PROBLEM STATEMENT: Nothing in the listing should be altered when it is copied, and no picture goes into the copy.

DATA SHOWN:
════

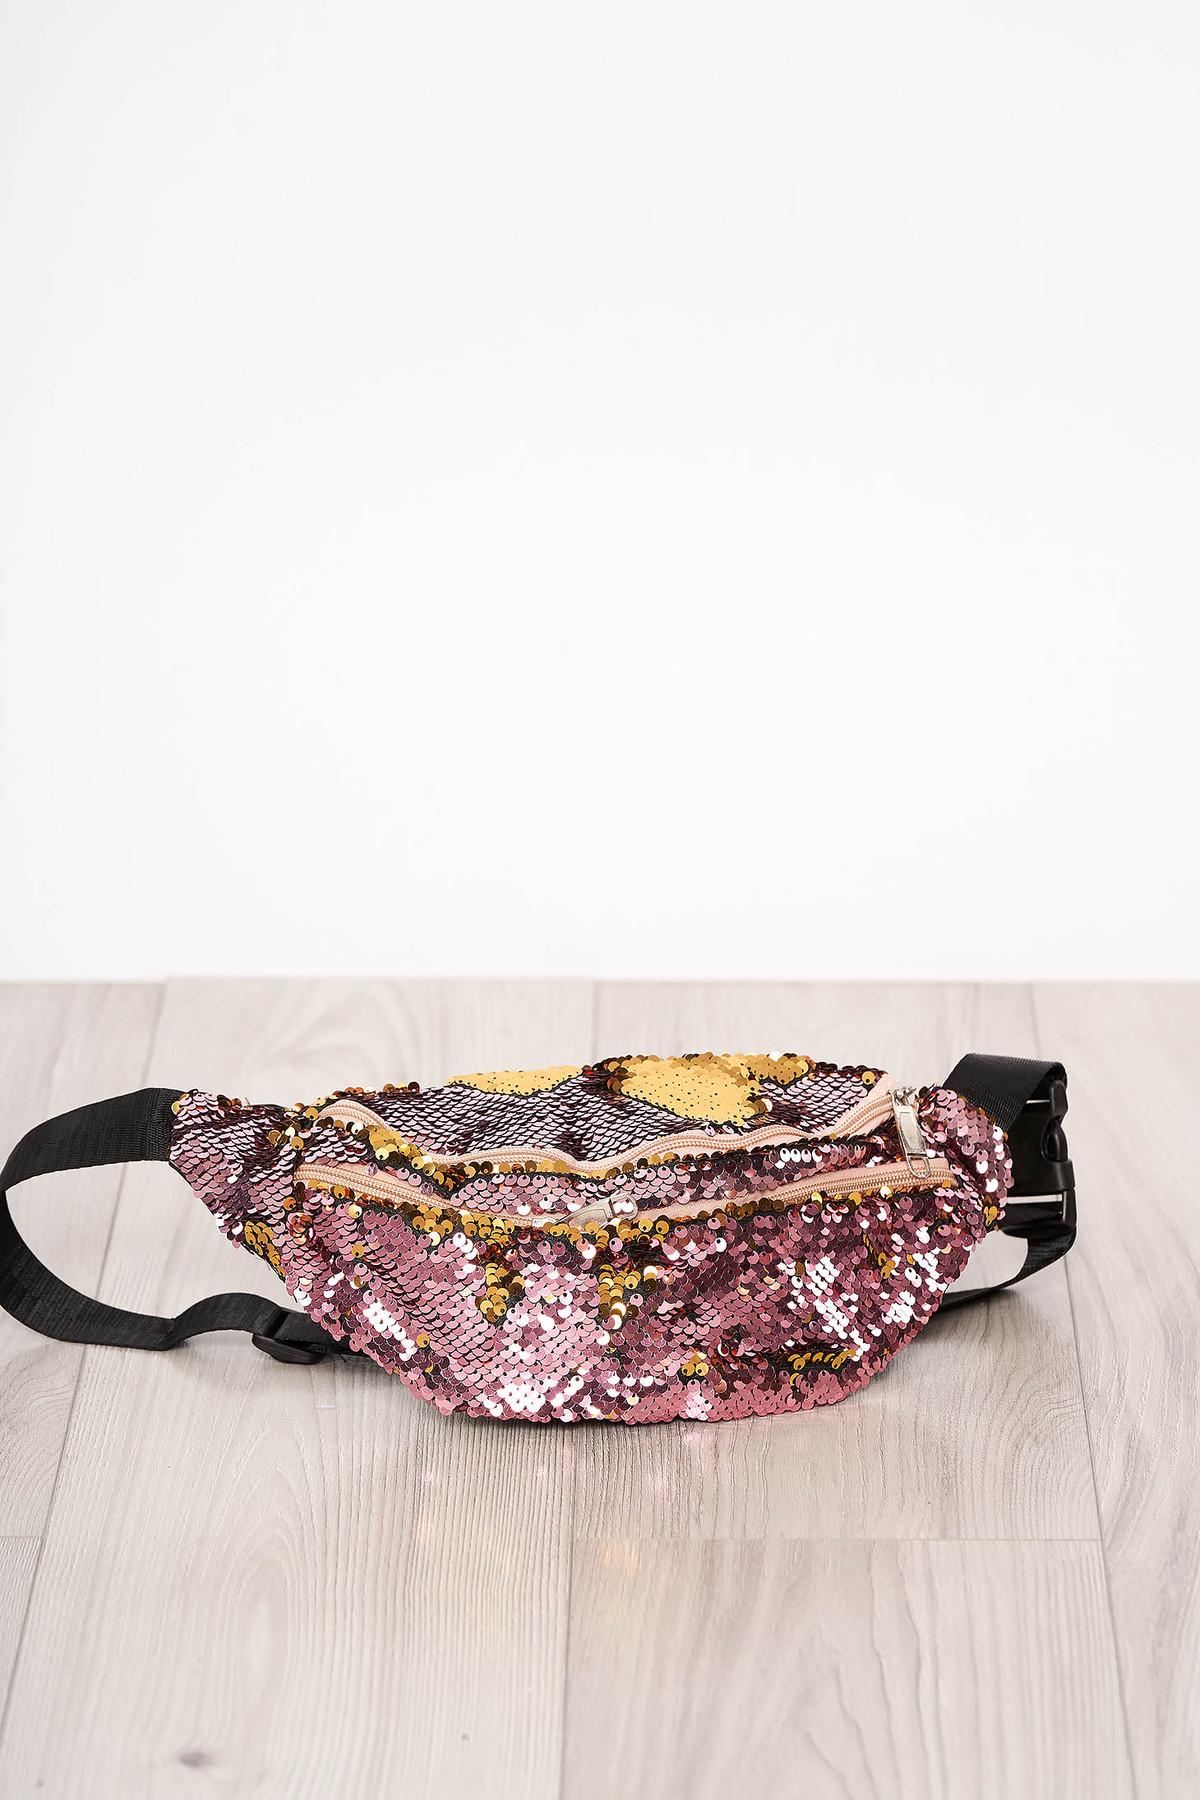 Geanta dama SunShine roz cu aplicatii cu paiete accesorizata cu fermoar cu maner lung reglabil
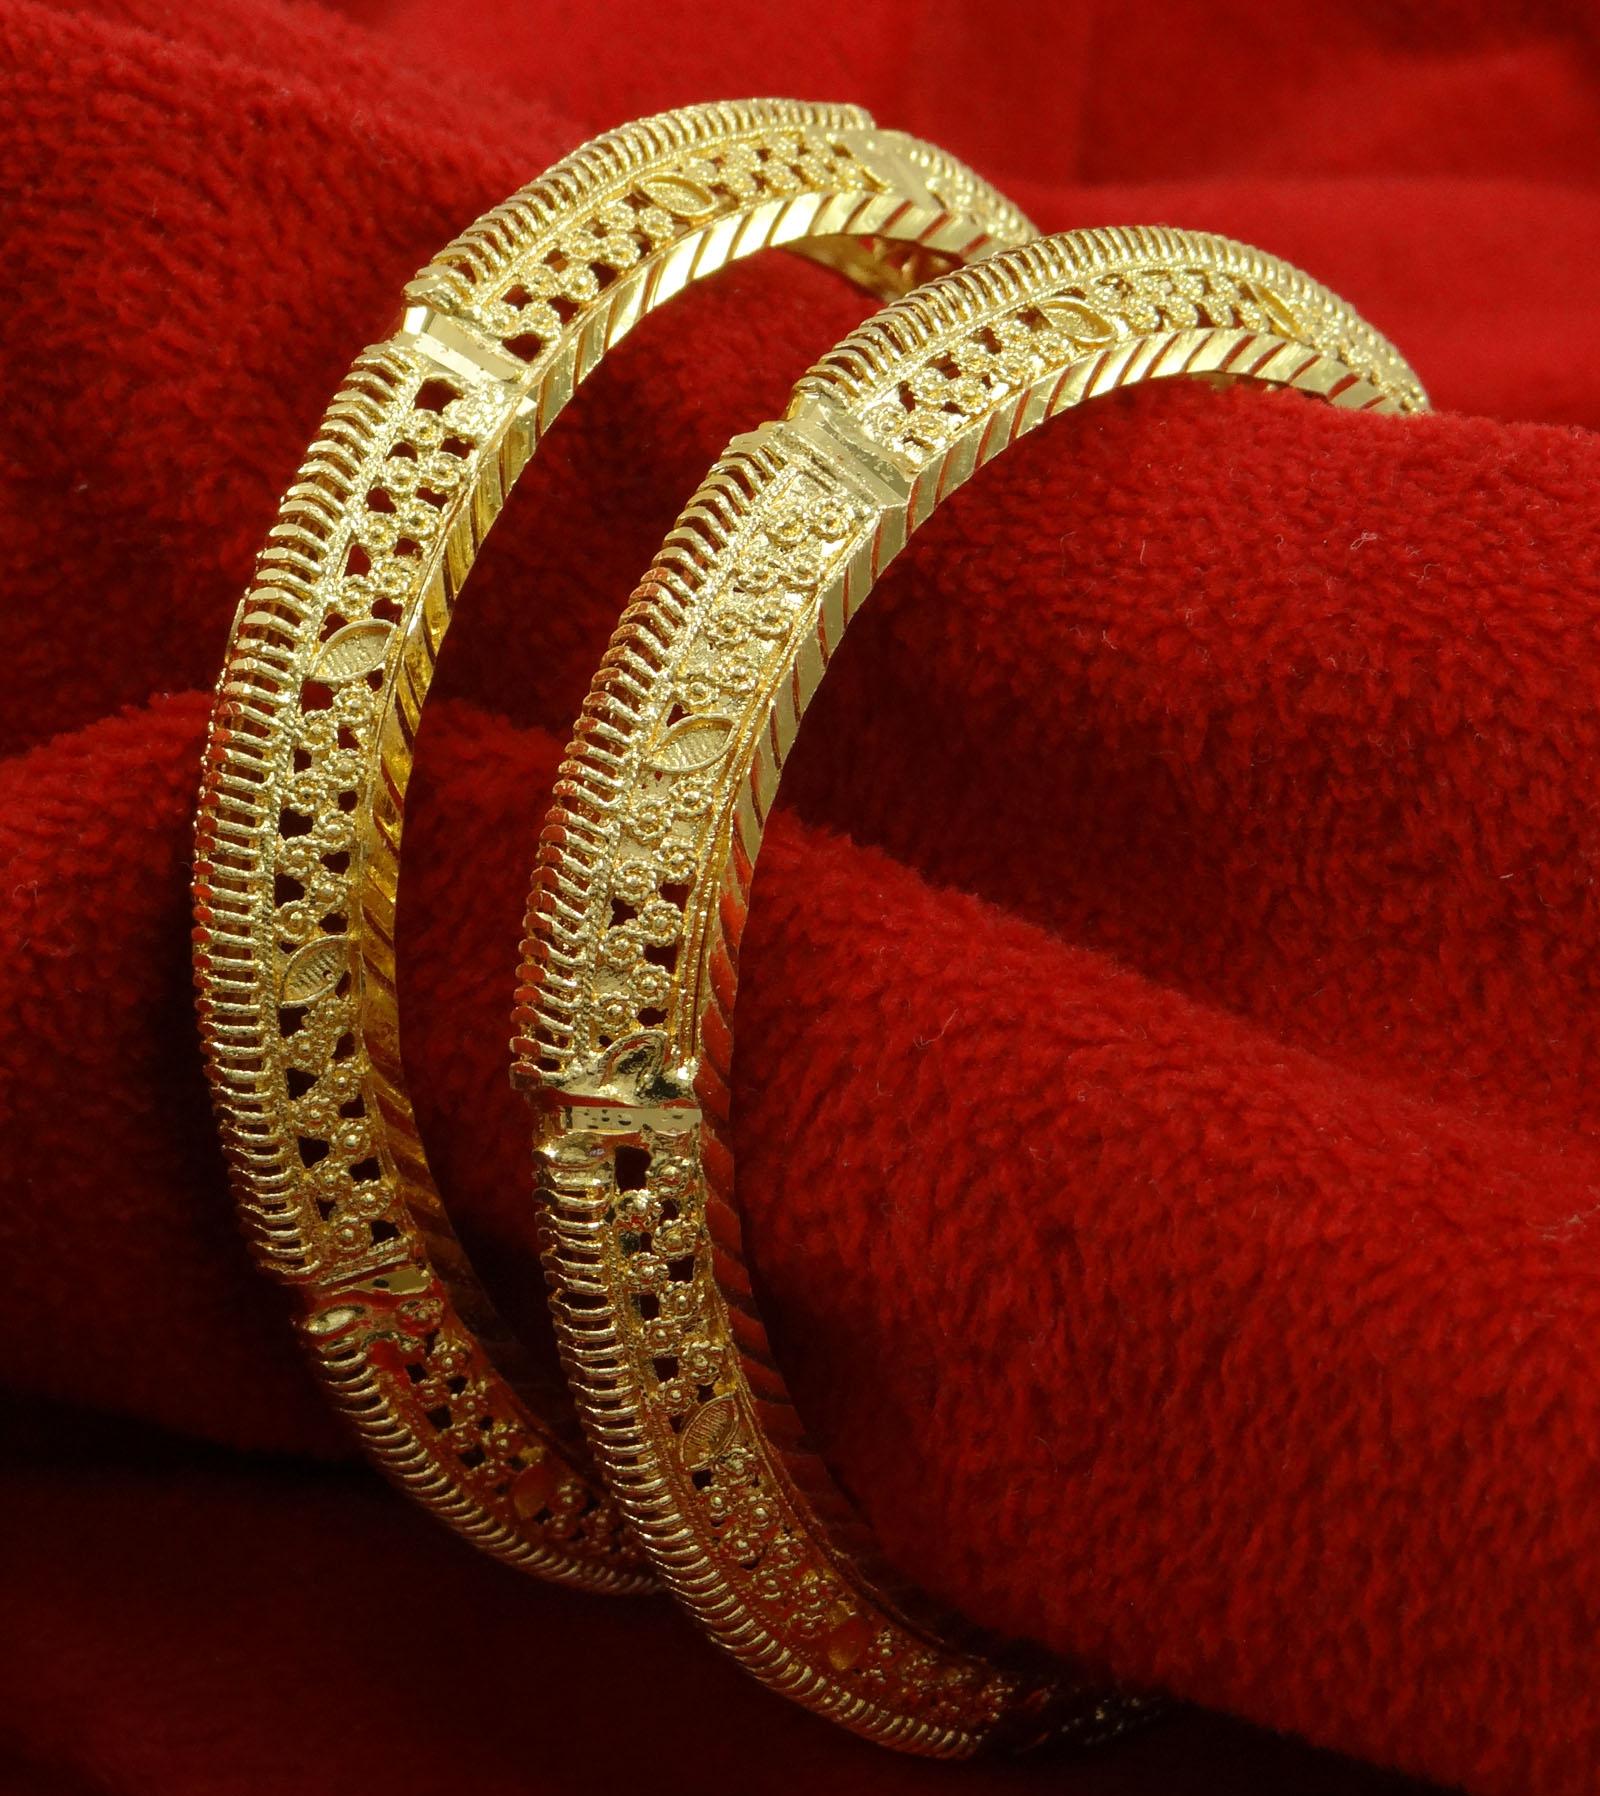 2*8 BSG19C-PAR Gold Plated Traditional Kada Bangle Set Women Jewelry Size 2*6
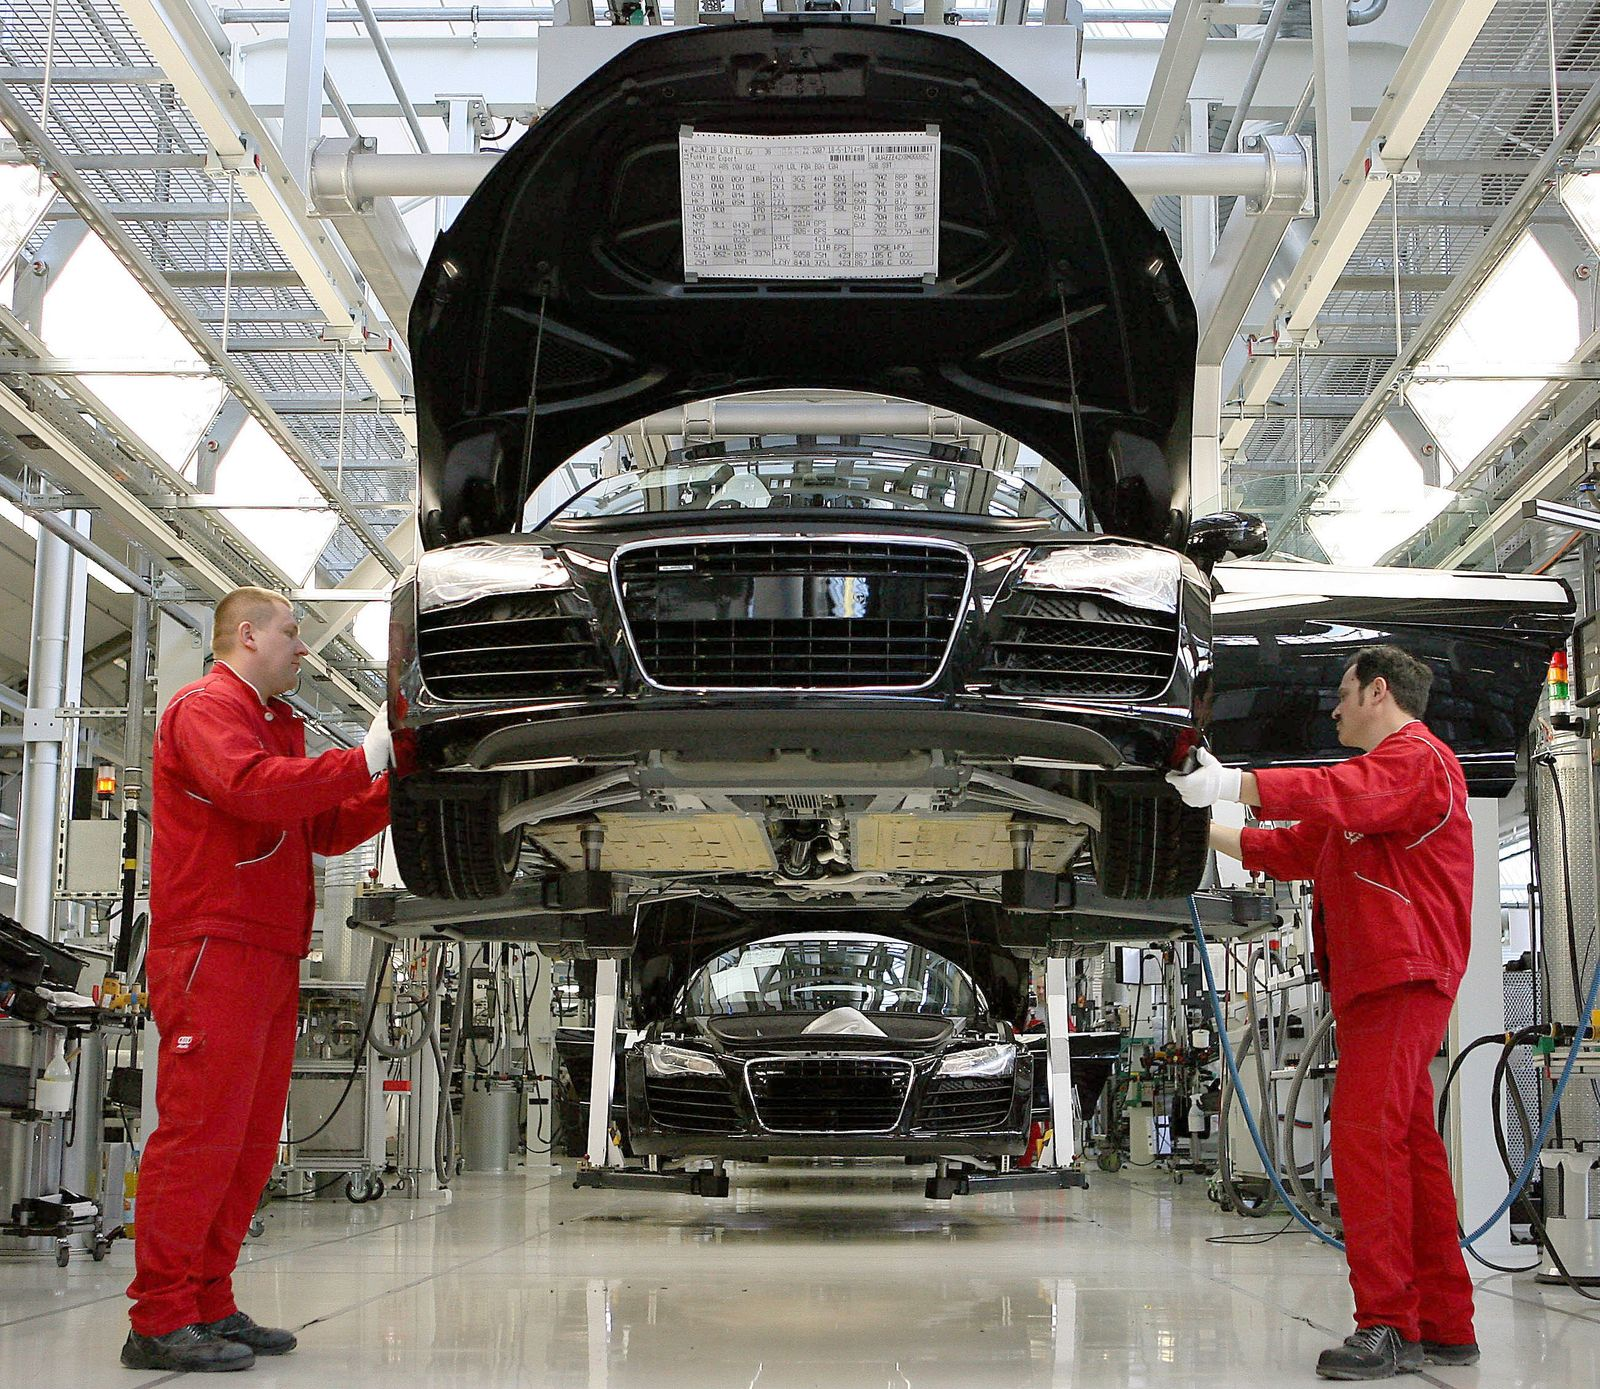 Regierung bereitet Konjunktur-Paket vor - Automobilbau

════

RESULT OF THE TASK:
 Geanta dama SunShine roz cu aplicatii cu paiete accesorizata cu fermoar cu maner lung reglabil
 2*8 BSG19C-PAR Gold Plated Traditional Kada Bangle Set Women Jewelry Size 2*6
 Regierung bereitet Konjunktur-Paket vor - Automobilbau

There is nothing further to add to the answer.